The Blueberry Smoothie Bowl is a refreshing and antioxidant-rich treat, perfect for breakfast or a healthy snack. Its creamy texture and vibrant purple hue come from a blend of sweet blueberries and wholesome ingredients. Topped with crunchy granola, coconut flakes, superfood chia seeds, and tangy goji berries, this smoothie bowl is a feast for the eyes and the taste buds. Packed with nutrients, it’s a delicious way to fuel your day and satisfy your cravings for something both tasty and nourishing. Let’s create this vibrant and wholesome bowl!
Preparation time ⏰:
Total Time: 10 minutes
Number of Portions 🍽:
Serves 1
Ingredients:
For the Smoothie bowl Base:
- 1 cup frozen blueberries
- 1/2 frozen banana
- 1/2 cup unsweetened almond milk (or any preferred milk)
- 1/4 cup Greek yogurt or coconut yogurt (optional, for extra creaminess)
- 1 tablespoon honey or maple syrup (optional, for sweetness)
For the Toppings:
- 1 kiwi
- few blueberries
- few strawberries
- 1 teaspoon coconut flakes
- 1 teaspoon crispy oatmeals
Nutritional Information (per serving):
Calories: 230 kcal
Protein: 4g
Fat: 7g
Carbohydrates: 42g
Note: These values are approximate and may vary depending on portion sizes and specific brands of ingredients used.
Instructions:
Prepare the smoothie bowl base:
- In a blender, combine frozen blueberries, frozen banana, almond milk, yogurt (if using), and honey or maple syrup. Blend until smooth and creamy. If the mixture is too thick, add a little more milk to reach your desired consistency.
Pour the smoothie:
- Pour it into a bowl, smoothing out the surface with the back of a spoon.

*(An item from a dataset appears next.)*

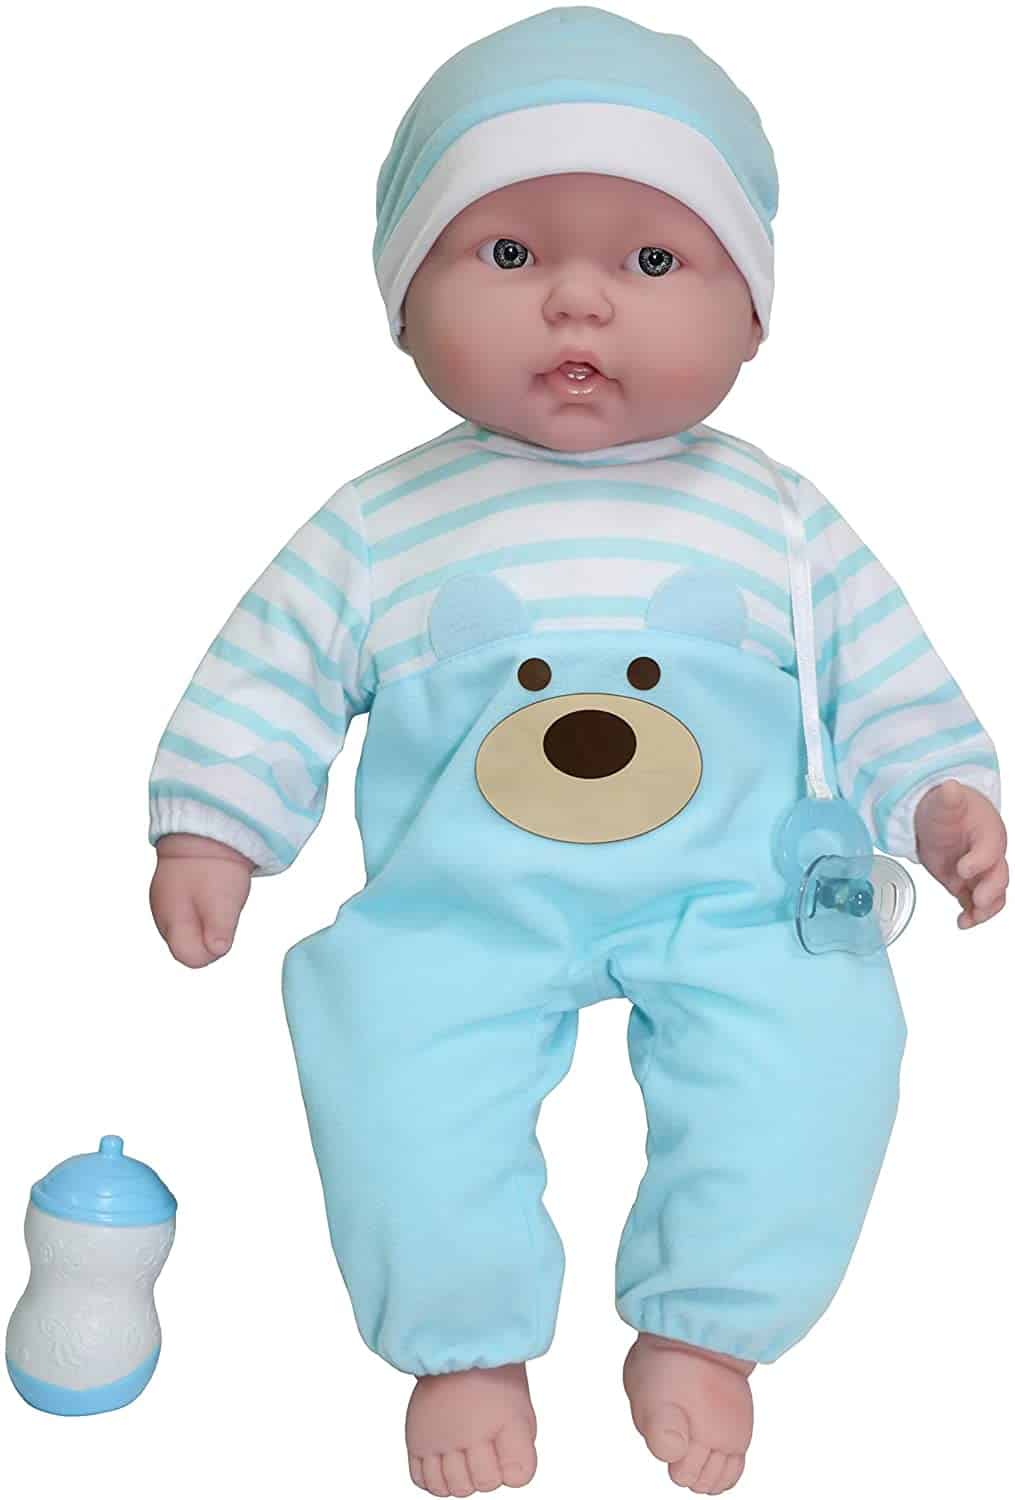 Beste babypop met stoffen lijf: JC Toys Berenguer soft body
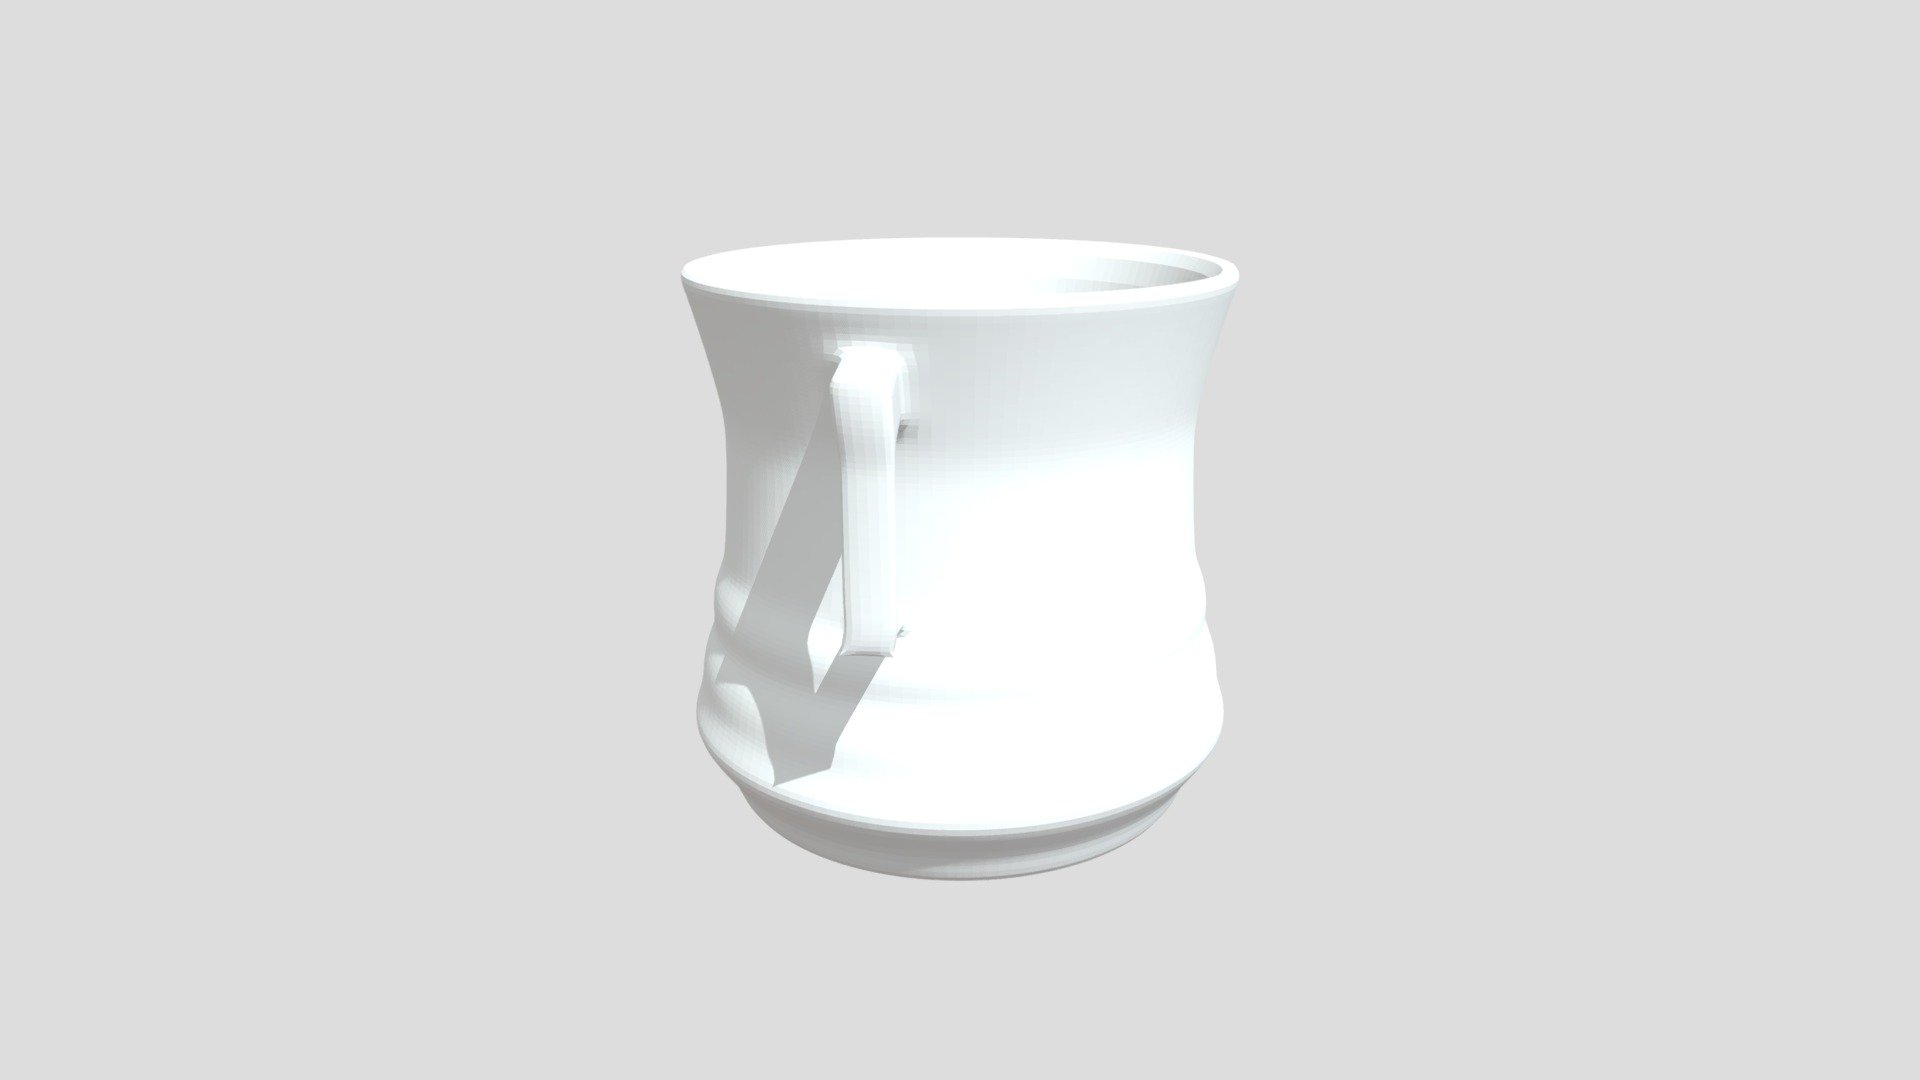 Cup Model - Blender

Add the Toppings to smoothie bowl:
- Arrange the oat flakes, coconut flakes and fruits on top of the smoothie in a decorative pattern or scatter them evenly.
Serve smoothie bowl Immediately:
- Enjoy your Blueberry Super Bowl.
Serving Tip 💡:
For an extra layer of flavor, sprinkle a pinch of cinnamon or drizzle a little almond butter over the bowl.